In this paper, we are interested in verifying the MO method, which relies on the approximation of Z as a Gaussian random field. The marginal distribution of Z is modeled as a Normal distribution, and a Gaussian correlation structure is assumed. In general, the limit state function is not a Gaussian random field, because it is an (often) nonlinear combination of variables which are not necessarily Normally distributed. It is unclear how well the approximation works, both prior to and following incorporation of a survival observation. In the next section we describe a method to compute the failure probability of a levee segment in which the (discretized) spatial joint distribution of the resistance variables—and the limit state function—is represented by a BN, and sampled using a copula approach. Because the BN method does not require the limit state function to be approximated by a Gaussian random field, we can use the failure probability estimates from the BN to evaluate the accuracy of the prior and posterior failure probabilities computed by the MO method.
6. Conclusions
We have presented in this paper a method to calculate the length effect in levees by sampling the joint spatial distribution of the limit state function, represented by a BN, without having to approximate a parametric form of the spatial distribution. Using Monte Carlo rejection sampling for inference, the method can update failure probabilities of (long) levees using survival observations (e.g., high water levels and no levee failure). We compared results with the modified outcrossing (MO) method, currently in use in reliability modeling of flood defenses in the Netherlands, via a numerical example, for verification purposes. The primary difference between the two methods is that the BN method samples from the joint spatial distribution, whereas the MO method uses an approximative parametric form of the spatial distribution of the limit state, and solves the problem analytically.

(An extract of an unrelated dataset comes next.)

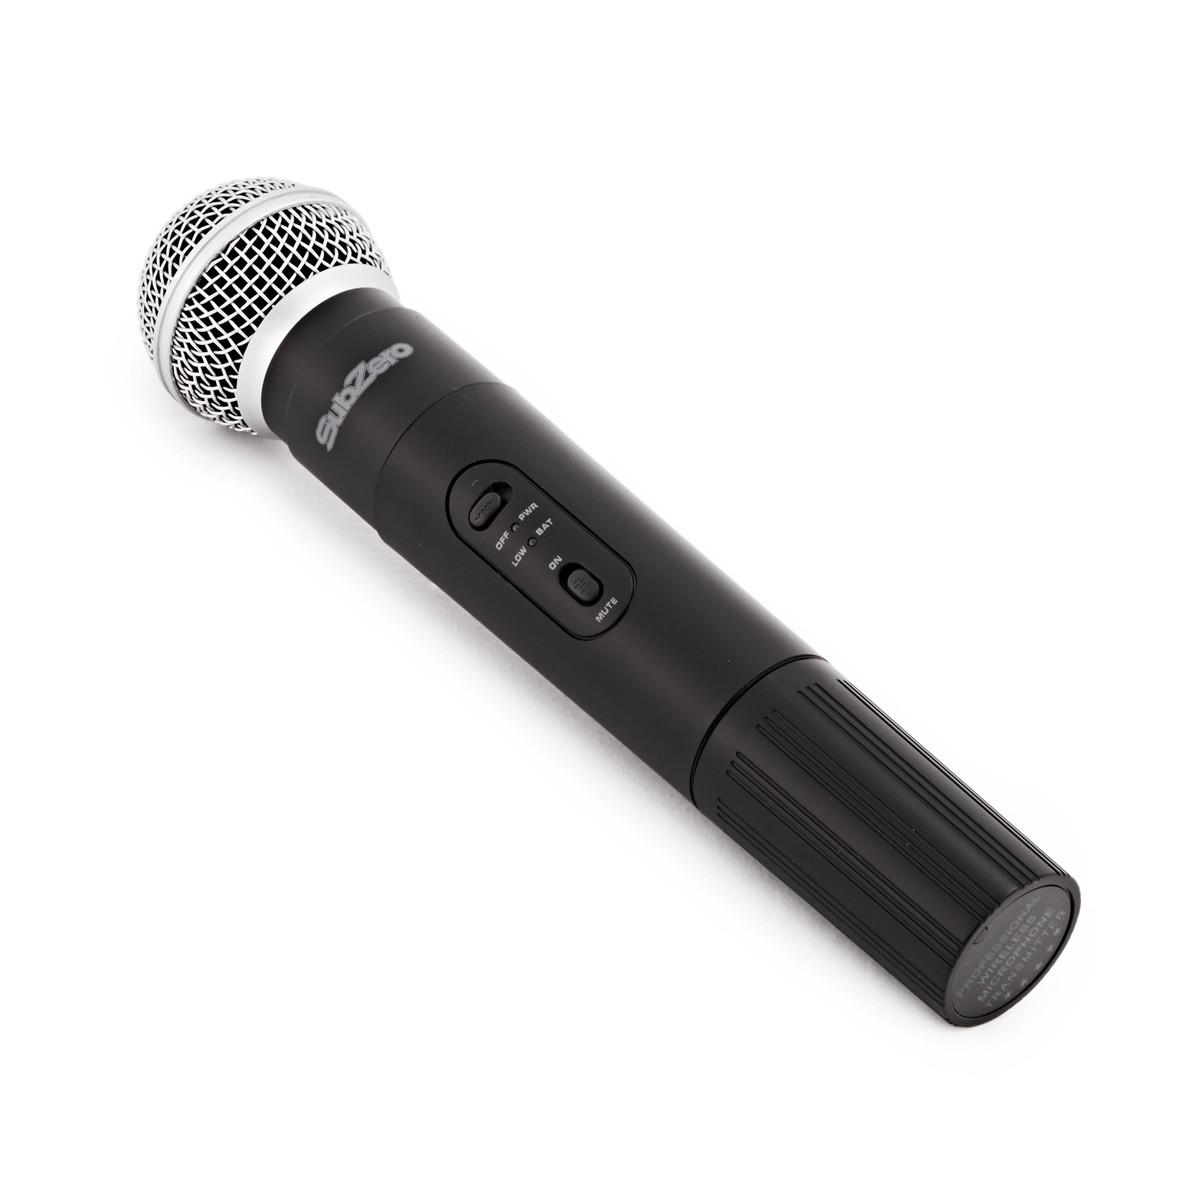 subzero szw 20 handheld wireless microphone system b stock at gear4music. Black Bedroom Furniture Sets. Home Design Ideas

The prior and posterior segment failure probabilities calculated by the two methods are in strong agreement. Slight discrepancies were found for posterior segment failure probabilities for long segments (4000 and 6000 m), but these differences were less than 10%, and in terms of reliability index, less than 1%. These results provide a strong verification of the MO method for prior analysis, which is used in the levee reliability model Hydra-Ring. They also provide an important verification of the MO method for posterior analysis, which has a lot of potential. The speed of the MO method makes it possible to efficiently update failure probabilities of numerous levee segments with abundant survival observations.
Given the strong agreement between BN and MO results, and the relative efficiency of the MO method, we advocate use of the latter in practice. However, we must emphasize that the examples considered in this paper do not represent an exhaustive set of cases. For failure probability updating with survival observations, we advocate comparing the BN and MO output for each new type of application (e.g., new limit state function, new set of variable distribution types or correlation parameters). Once the results are verified, the MO method can be used with confidence for all examples of the same type.
Finally, we strongly advocate the use of either the BN or MO method to account for the length effect in reliability analysis over some of the more simplified approaches found in the literature.